Information given |

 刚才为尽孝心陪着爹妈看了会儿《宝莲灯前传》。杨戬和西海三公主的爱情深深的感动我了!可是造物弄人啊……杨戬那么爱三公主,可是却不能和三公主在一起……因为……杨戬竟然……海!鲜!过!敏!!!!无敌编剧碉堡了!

...

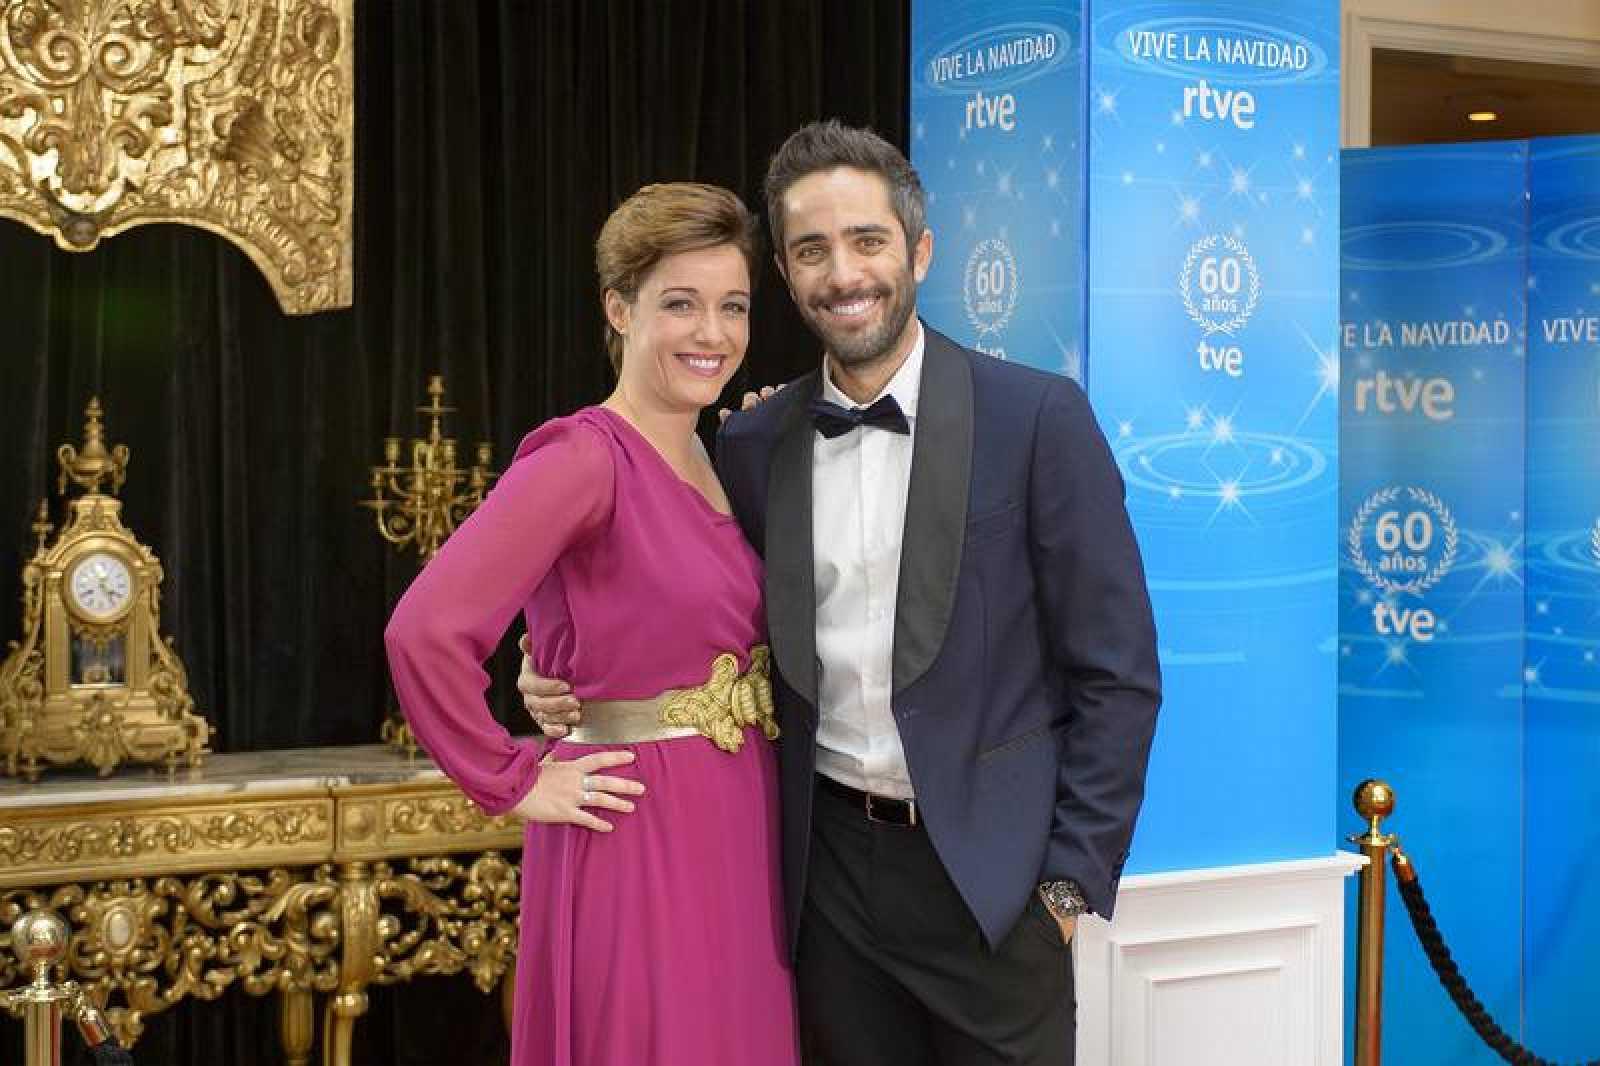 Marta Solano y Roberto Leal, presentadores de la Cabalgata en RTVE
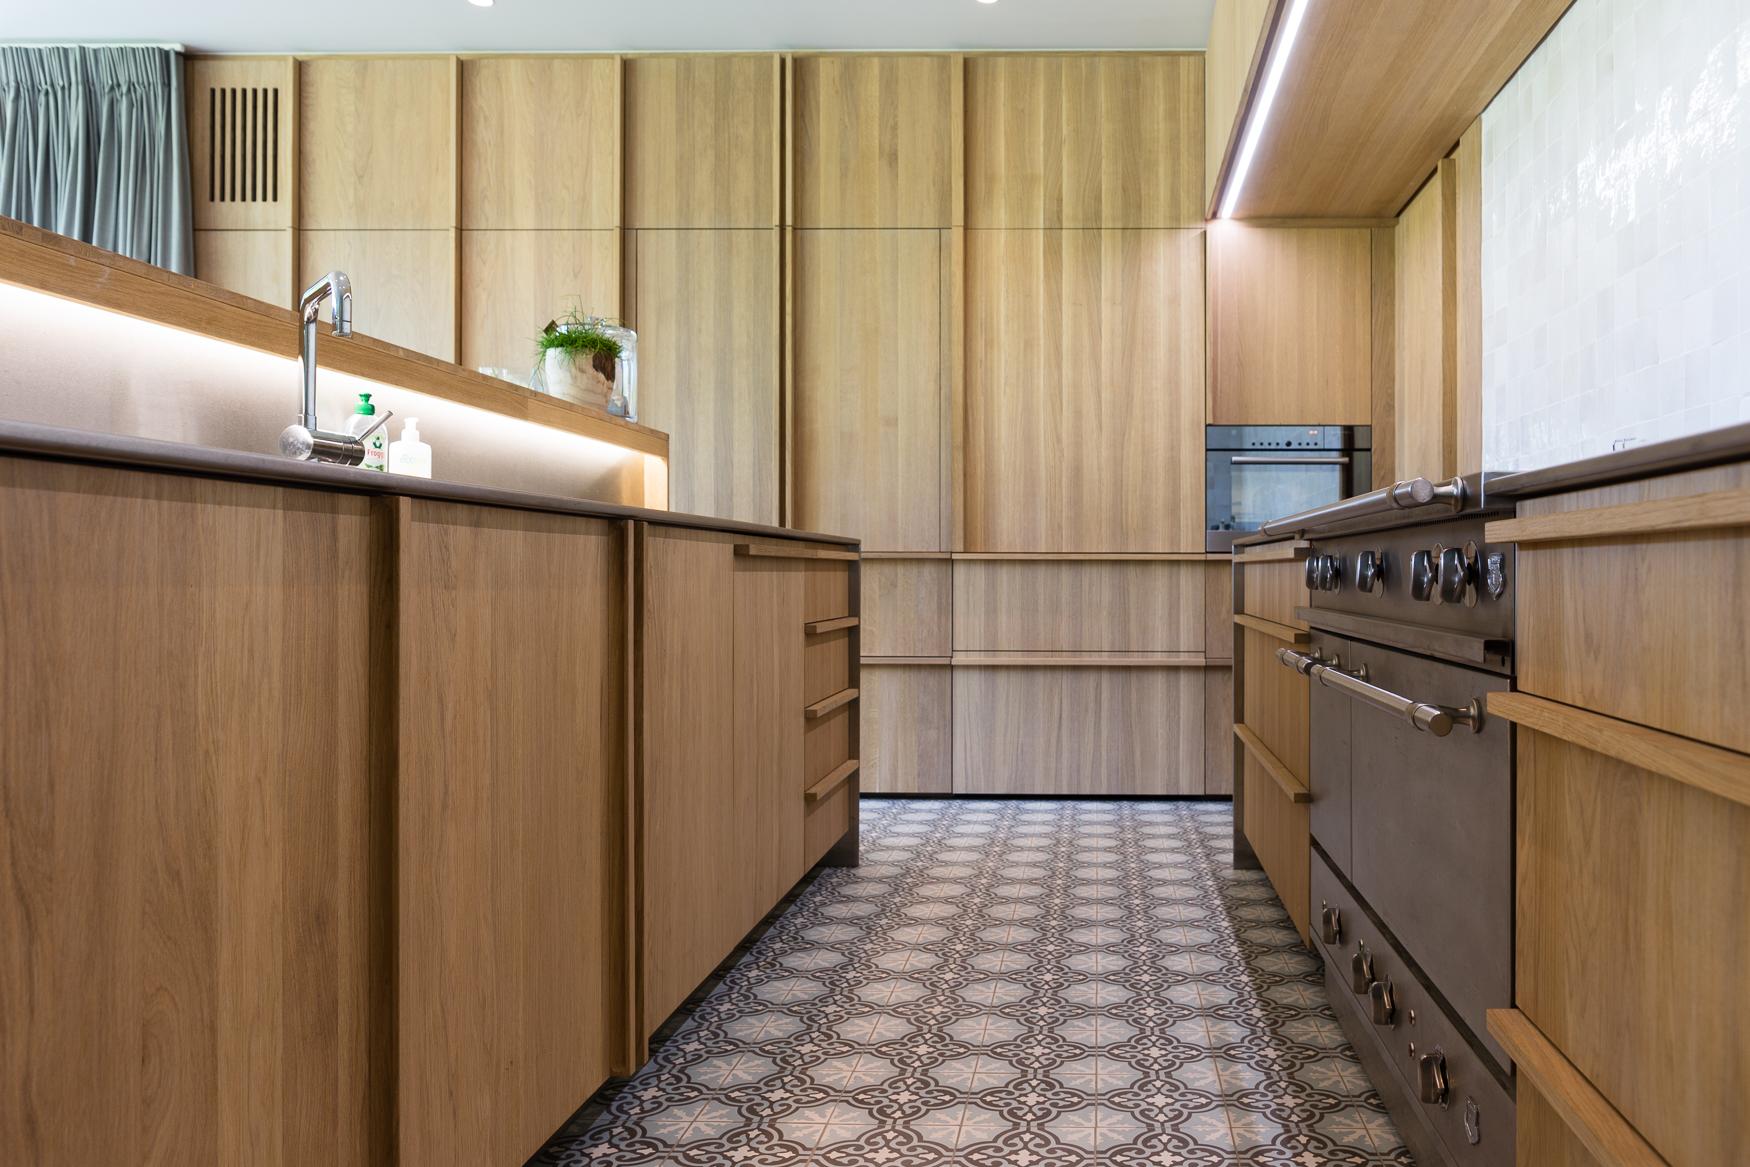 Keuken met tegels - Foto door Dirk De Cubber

Exercise aim | Here the job is to copy the listing above word for word, starting at the line with "Marta Solano y" and ending at the line with "Keuken met tegels - Foto door Dirk De Cubber", and to leave out the pictures.

Your solution |
 Marta Solano y Roberto Leal, presentadores de la Cabalgata en RTVE
 Keuken met tegels - Foto door Dirk De Cubber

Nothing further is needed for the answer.